The quest to find an answer to these two questions led to this small collection of twelve essays. I am not sure we found complete answers, but I do believe we have uncovered some interesting insights.
The first insight is that the two questions are inextricably linked. I believe that there are too few Indian world-class companies because there is a crisis of leadership in corporate India. Today, more than at any time ever in its history, India has better access to technology, resources and information. It has a large base of accessible talent that is greedily tapped by international companies. Yet only a small percentage of Indian CEOs have managed to use these advantages effectively to create world-class quality, products and services, processes and assets for themselves.
We have too few world-class companies and too few business leaders. Before launching The Smart Manager , the management magazine I edit, in February 2002, we conducted a survey to assess the size of the CEO market. While we discovered that India had 183,000 MBA students enrolled annually, and that there were over 500,000 general managers, every direct marketing agency we spoke to told us that ‘there are only 8,000 CEOs who matter’. We need more companies, more business leaders, and they have to be of global calibre. That is why we started this research. And this book is about the torchbearers who light the way.
Practical Aspects
As Professor Nitin Nohria of the Harvard Business School explains, an organization is world class when there is a demand for its product or service anywhere in the world. This implies that location is immaterial and that the product or service is globally competitive in terms of pricing and quality. But what does this really mean in practical terms? What do we need to do in terms of strategy, organization and management to become world class and remain there?
In terms of creating world-class products and services there are many companies that come to mind. Tata Motors has developed India’s first indigenous car (Indica) and is marketing it to Africa and the UK. Mahindra and Mahindra, a Mumbai-based firm that ranks among the largest tractor companies in the world, has opened tractor assembly plants in the US and is targeting the Chinese market as well. Incidentally the company has also become the first tractor company to receive the Deming Prize for quality management.

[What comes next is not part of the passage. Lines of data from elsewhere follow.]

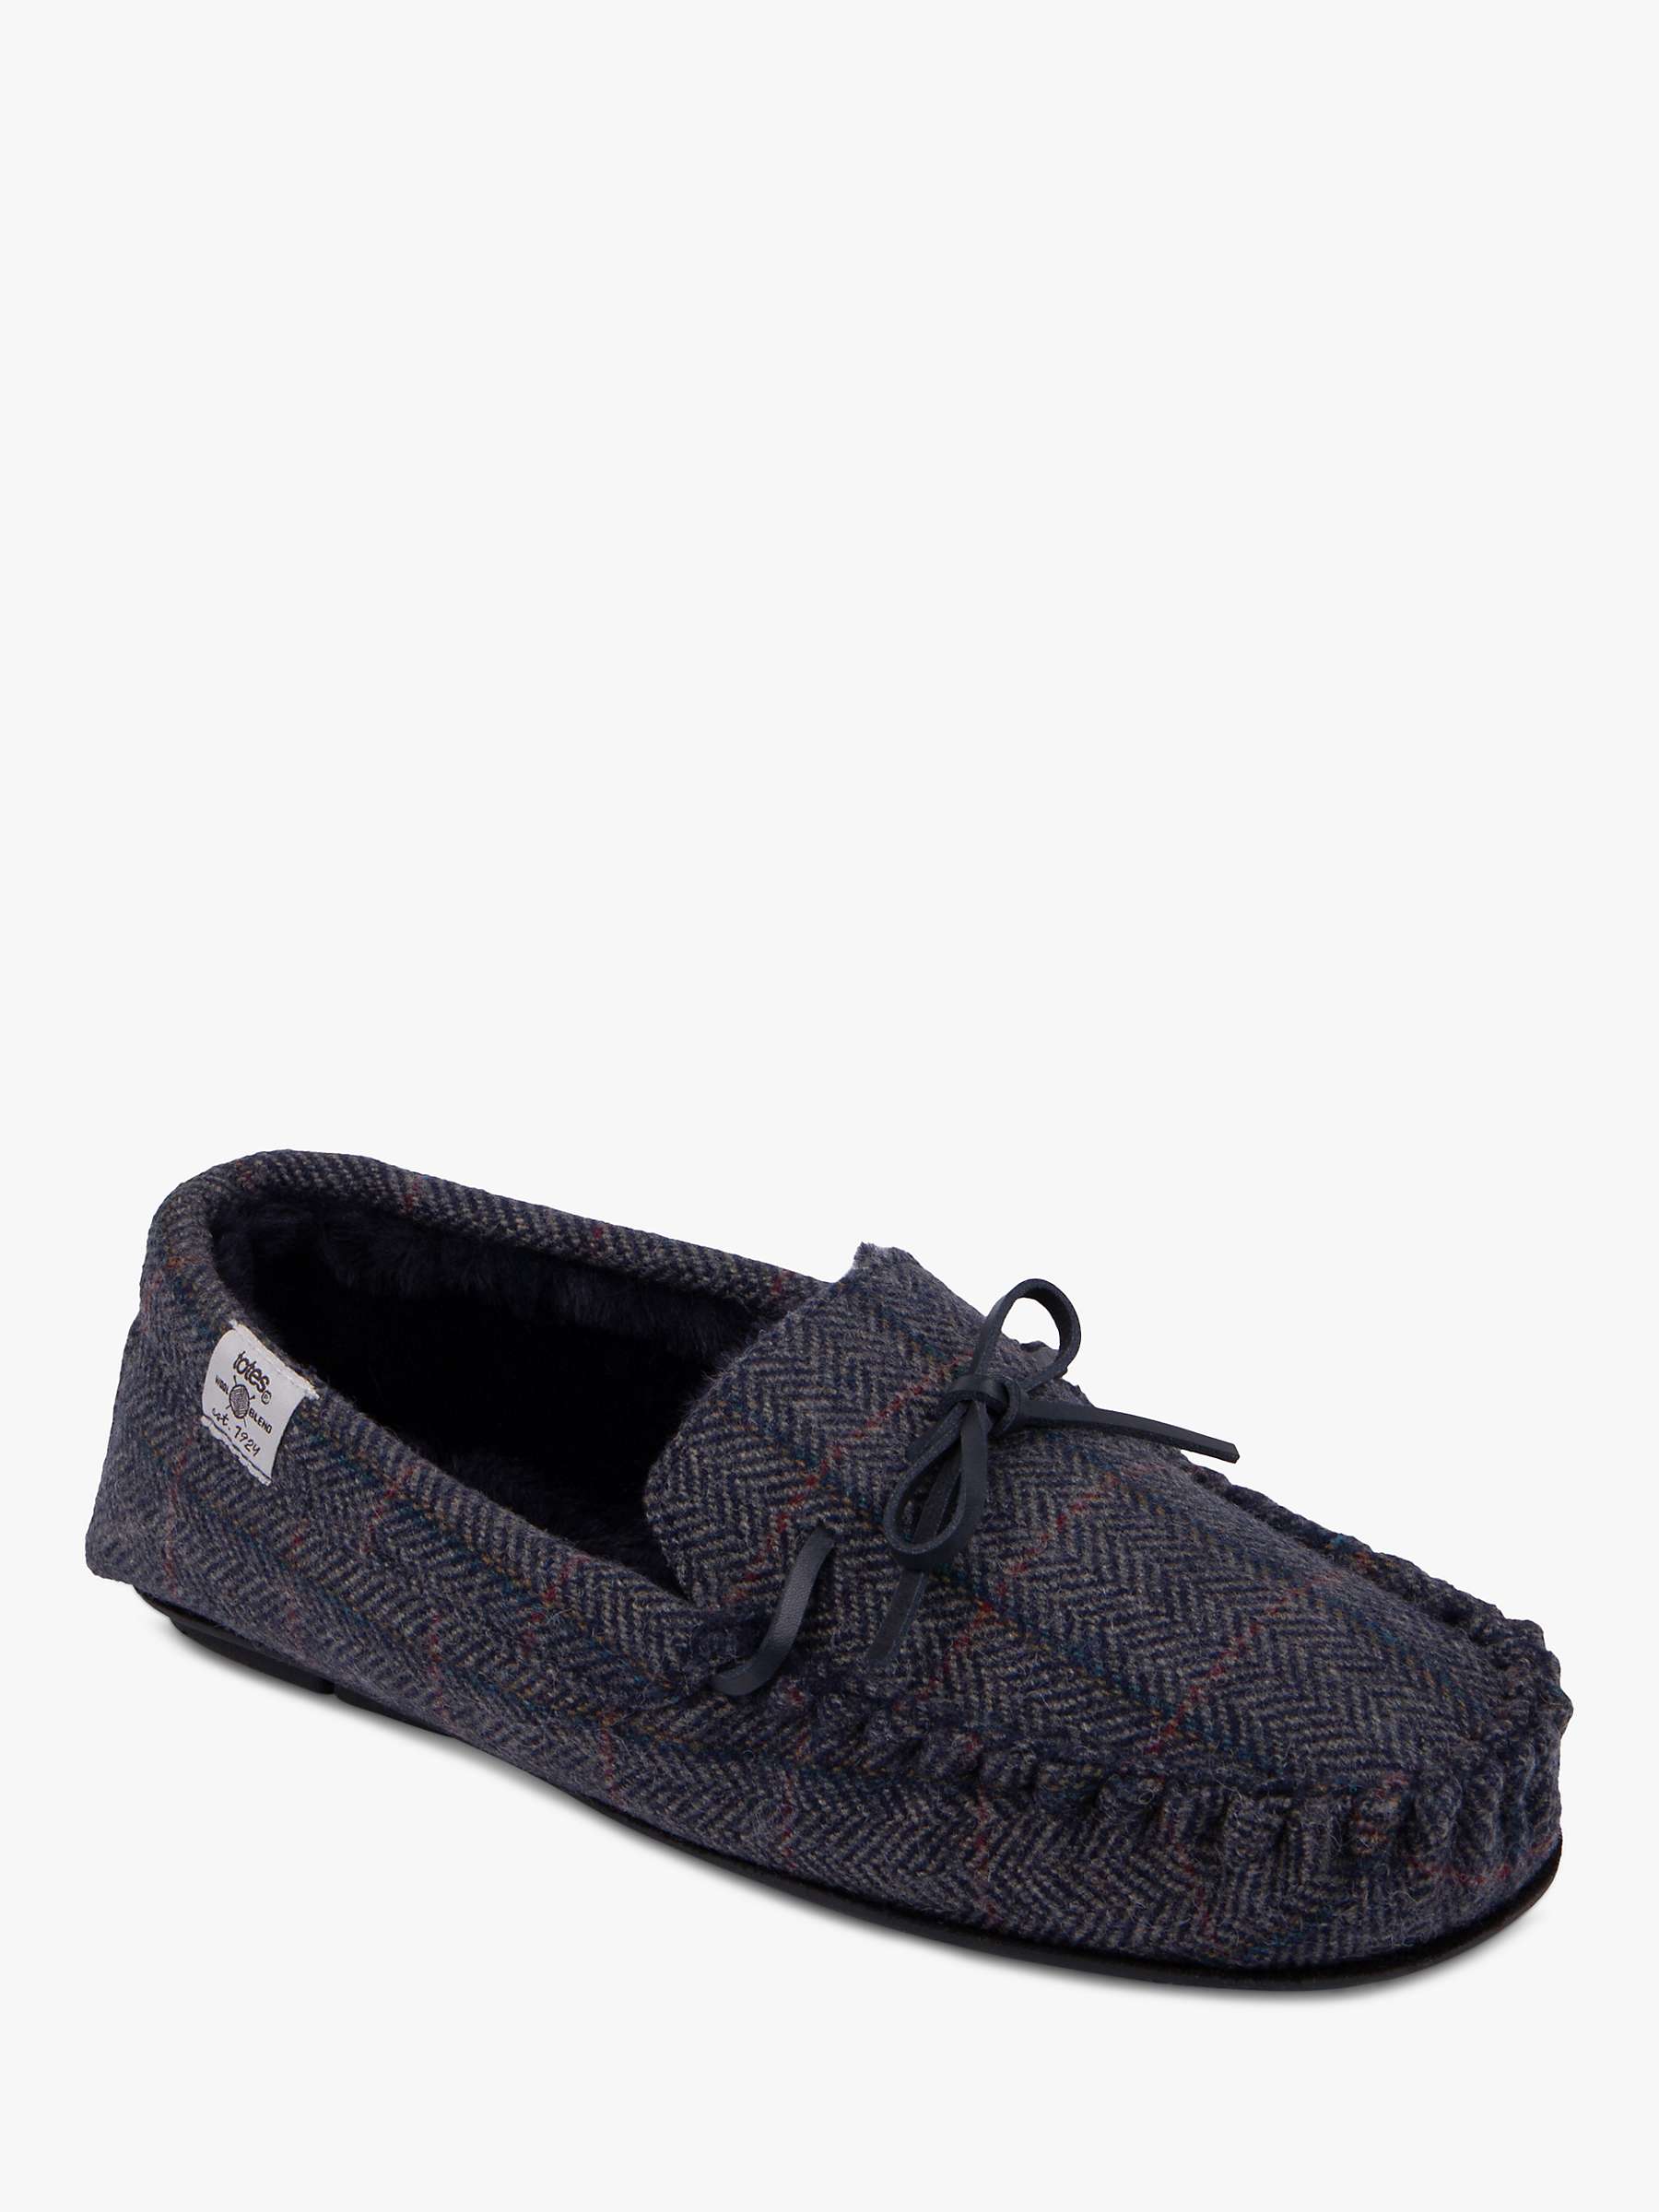 Buy totes Herringbone Moccasin Style Wool Blend Slippers, Navy/Multi Online at johnlewis.com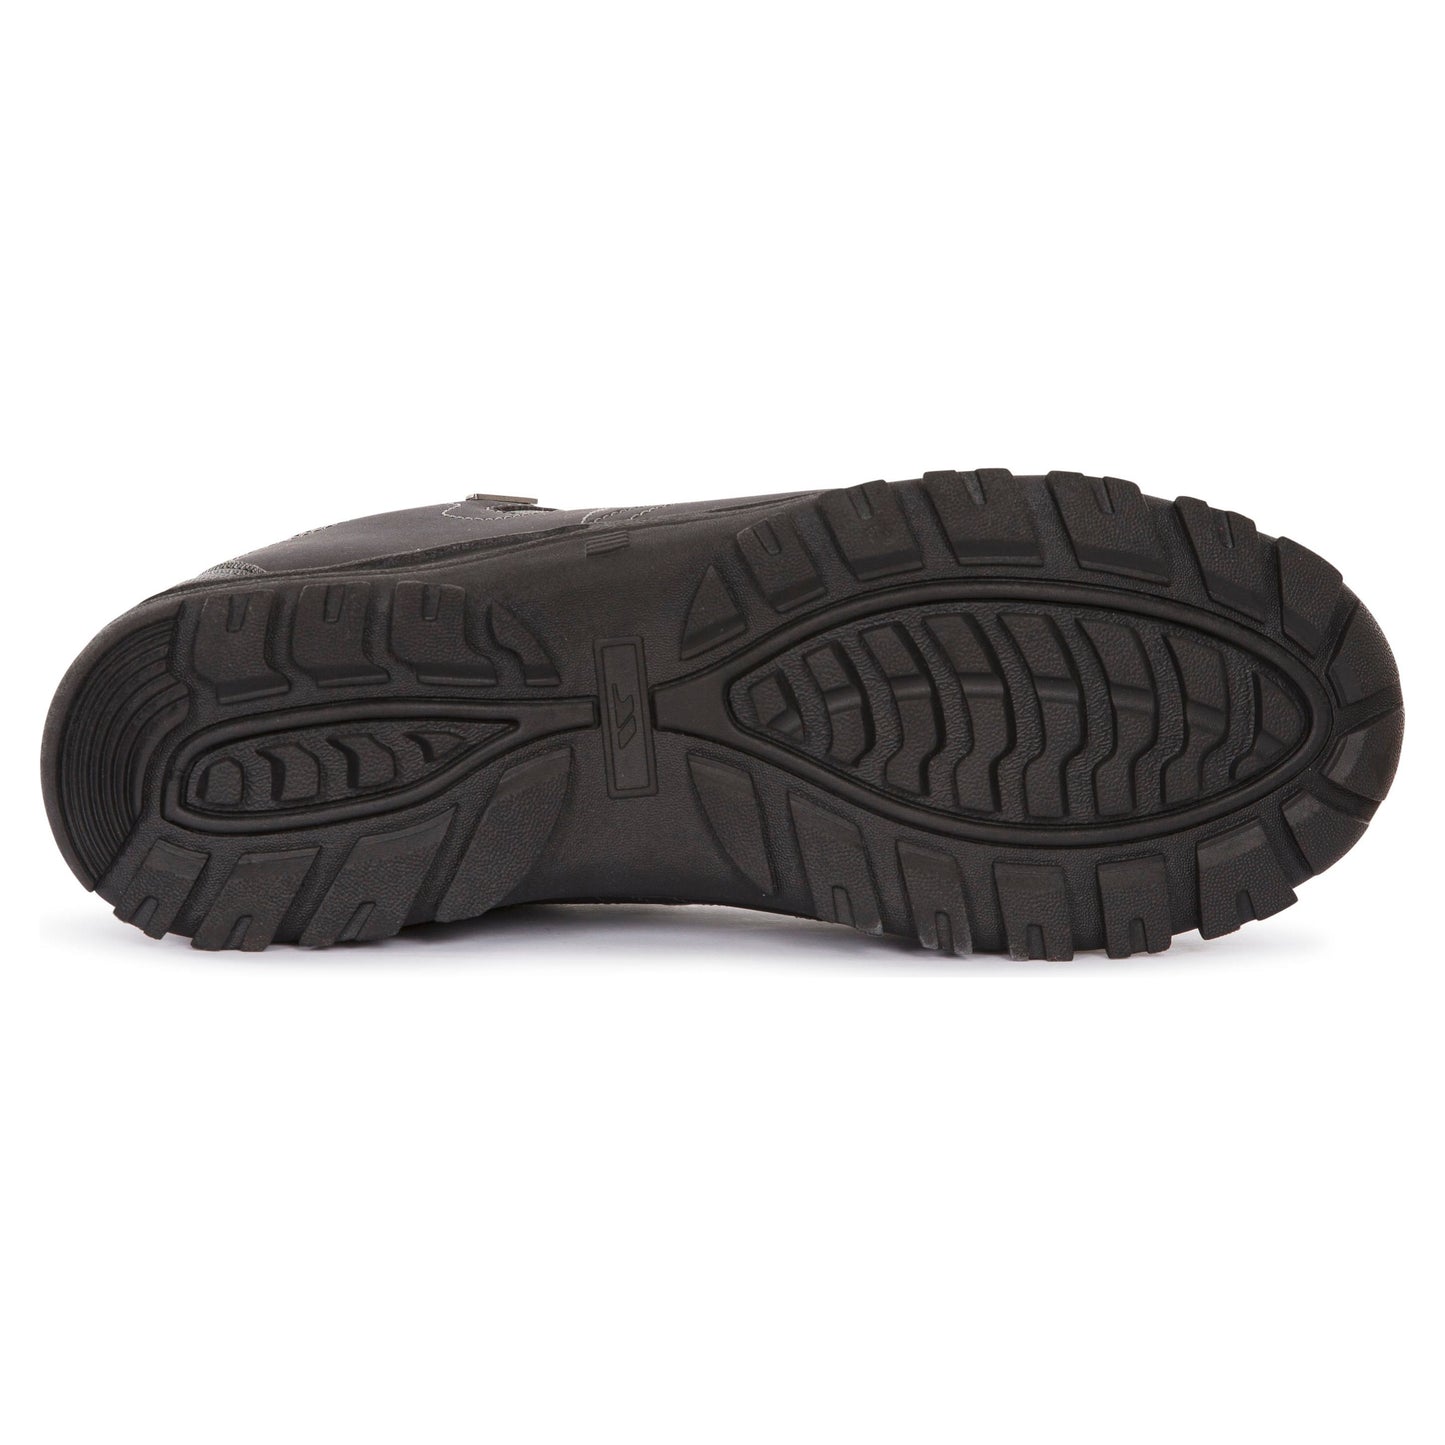 Finley Men's Waterproof Walking Shoes - Graphite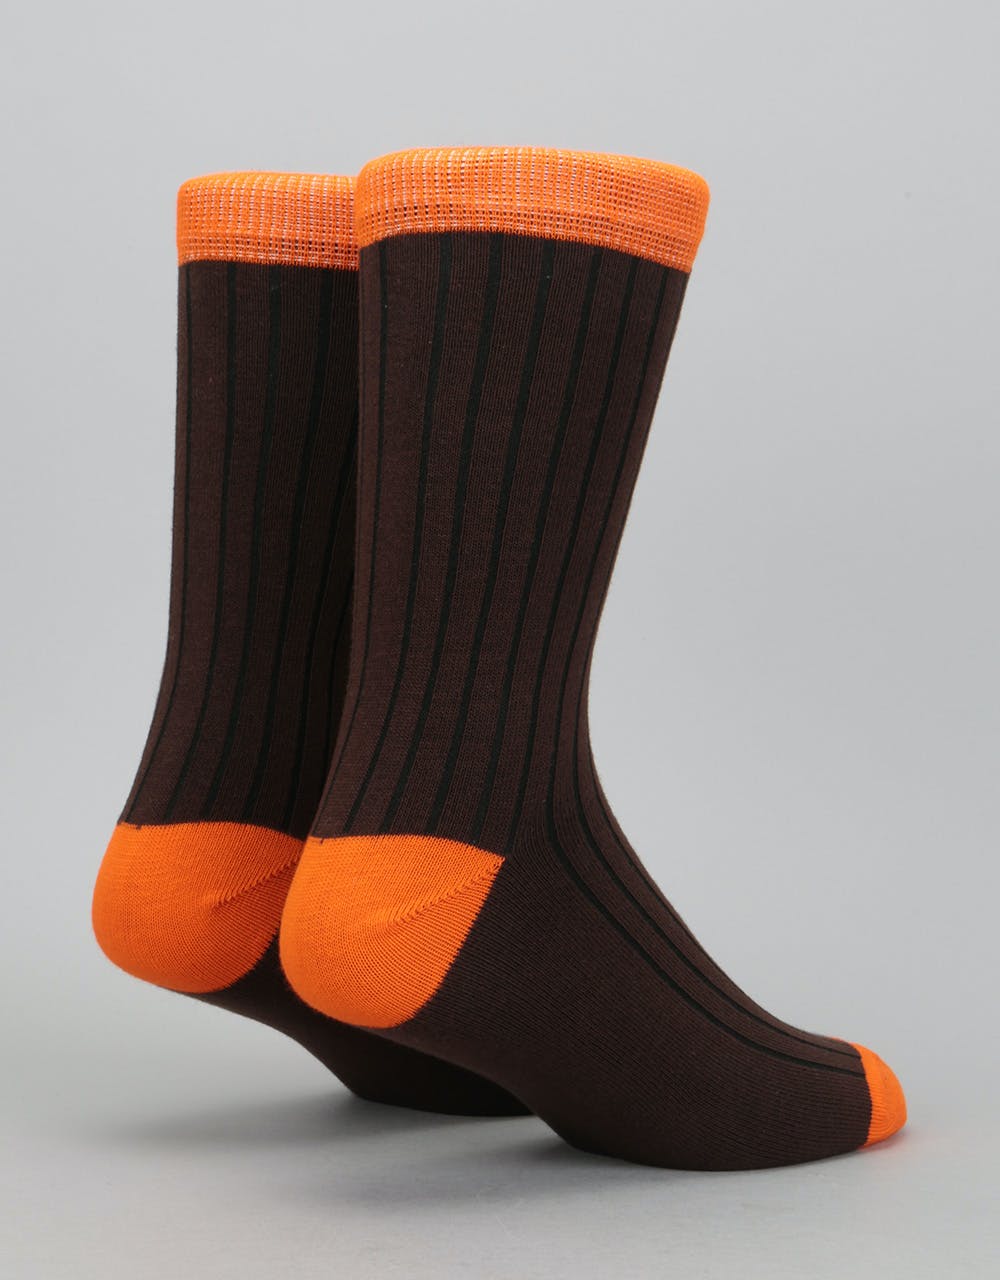 Route One Derby Socks - Brown/Orange

Other CEOs have introduced Indian consumers to world-class services. One of these is K.V. Kamath, who ushered in a revolution in Indian banking. ‘We believed that the Indian customer was prepared to look at technology,’ he recalls in his essay. ‘So we said, let’s put in the ATMs, Internet banking and a call centre the key technology channels. We stepped ahead of the competition and were able to seize market share.’
We also found excellent examples of companies that have built world-class assets , such as Reliance Industries, Jamnagar refinery and Nicholas Piramal’s R&D centre in Mumbai. ‘We were looking to get a leg-up in the research end of pharmaceuticals,’ says the latter. A substantial investment in human and financial resources was made to bring it up to world-class levels after Nicholas Piramal acquired it from Hoechst.
However the area getting the least attention of Indian CEOs is that of processes . American statistician and quality guru W. Edwards Deming, who was responsible for the Japanese post-war industrial revival in the 1950s and 1960s, discovered that over 90 per cent of problems are due to bad systems, not bad people. But it is people who write the systems. The best IT and BPO companies in India have established world-class performance measurement and HR processes; others such as Hero Honda, Asian Paints and Hindustan Lever have developed high level skills in areas such as supply chain management.